By David Bull
April 15 - (The Insurer) - Travelers gets the first-quarter U.S. P&C earnings season underway for carriers on Wednesday and Marsh McLennan opens broker reporting on Thursday, with the potential fallout from ongoing tariff-related developments set to dominate analyst calls along with the topics of casualty, cats – including the Los Angeles wildfires – and pricing trends.
The trade war triggered by the Trump administration and resulting financial markets volatility have driven headlines in recent weeks. The potential ramifications for the insurance industry are continuing to be assessed.
With the situation developing daily, management of carriers and brokers are unlikely to commit to a definitive read on the financial implications of shifting tariff policies.
They will expect to be probed by analysts on earnings calls, however, for insights on the potential direct impact on claims and loss costs, given the expected inflationary impact, as well as the resilience of the sector to the heightened threat of recession.

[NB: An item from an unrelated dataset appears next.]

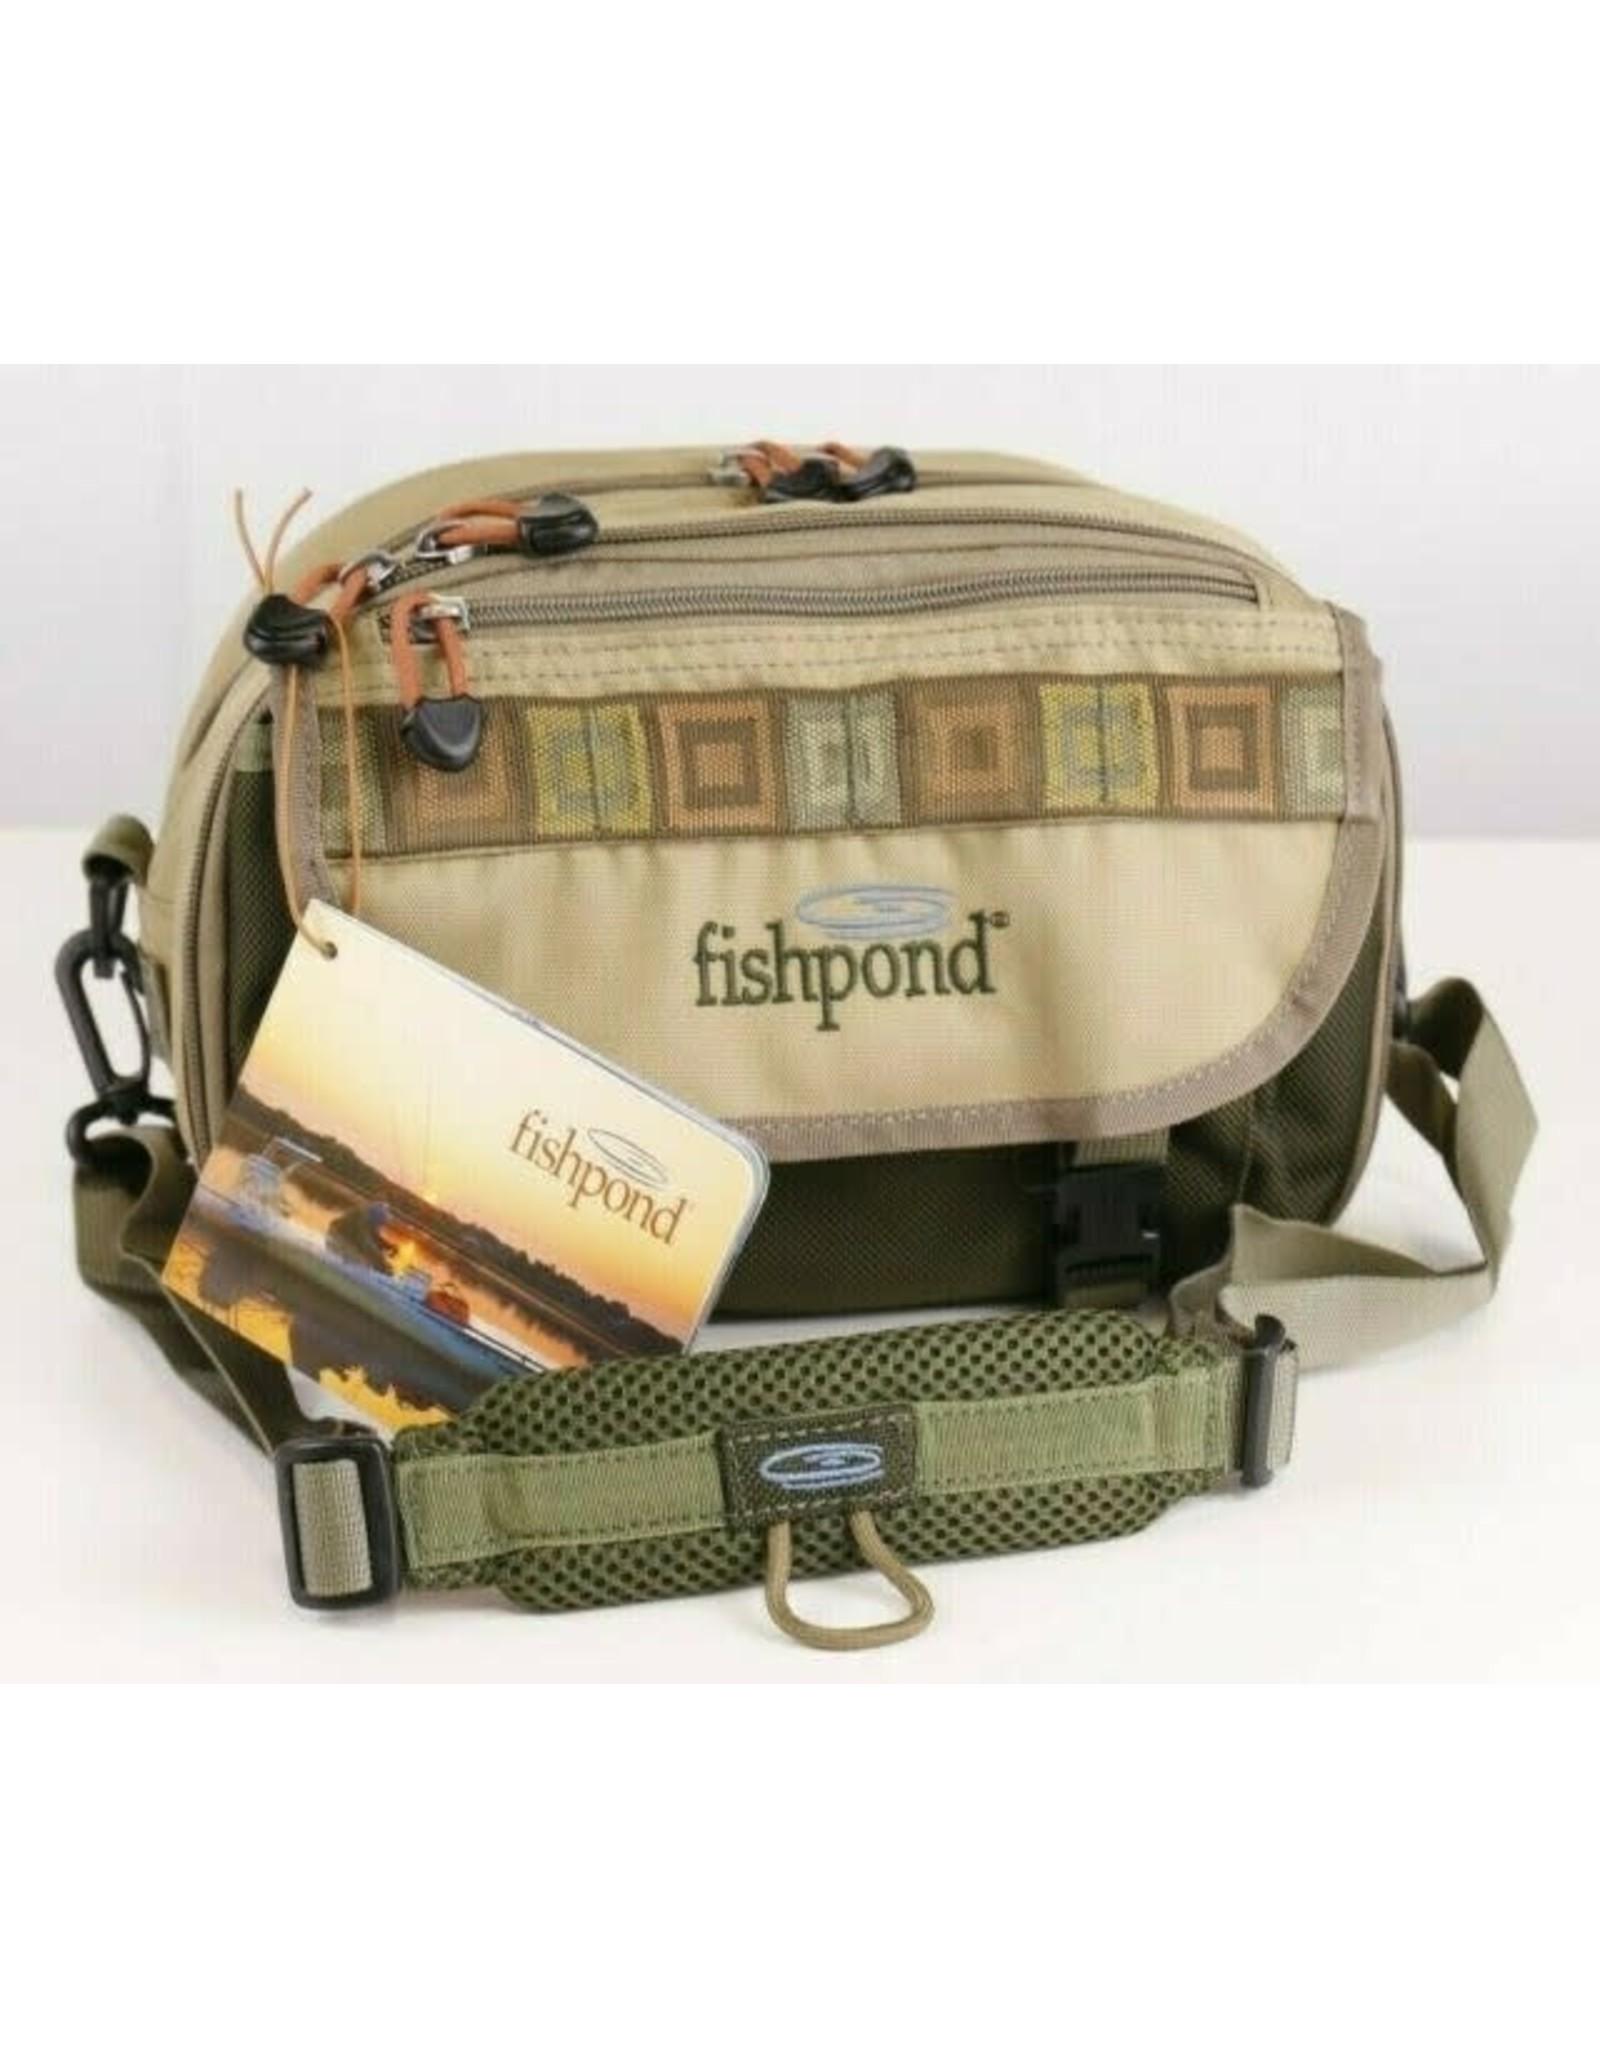 FISHPOND Fishpond Blue River Chest/Lumbar Pack

In a note previewing the earnings season, Citizens JMP Securities analyst Matt Carletti said: “We expect 1Q25 results to be highlighted by catastrophe losses (notably LA Wildfires, but also other large risk losses) and ongoing concerns around casualty loss reserves, while tariff uncertainty and the possible impact on inflation will likely also be of key focus for investors.”
Carletti suggested investors focus on “quality companies with exposure to tailwinds” as he pointed to macroeconomic headwinds including interest rate uncertainty and continued inflationary conditions.
He said inflationary conditions are sustained in certain casualty lines, “but now more in focus in property lines given tariff uncertainty."
“We recommend that investors focus on companies that have strong balance sheets (persistent inflation will likely continue to cause investors concern surrounding some companies’ casualty loss reserves, despite recent reserve additions) with EPS streams that are leveraged to both underwriting results (amidst generally strong market conditions) and investment income (those with longer-duration portfolios will benefit longer from recent interest rate rises as/if rates decline),” Carletti added.
Wells Fargo analyst Elyse Greenspan suggested that for non-life insurers there will be a focus on reserves, margins, pricing and the impact of tariffs.
“Non-life insurers will see results impacted by high cat losses, due to CA fires. We expect a focus to be on color on pricing, reserves (especially for long-tail lines), any change in capital return philosophies, and expected impact from tariffs (25% auto tariffs were not rolled back for 90 days like reciprocal tariffs),” she said.
Greenspan added that property pricing is likely to continue to slow, with casualty most likely continuing to strengthen.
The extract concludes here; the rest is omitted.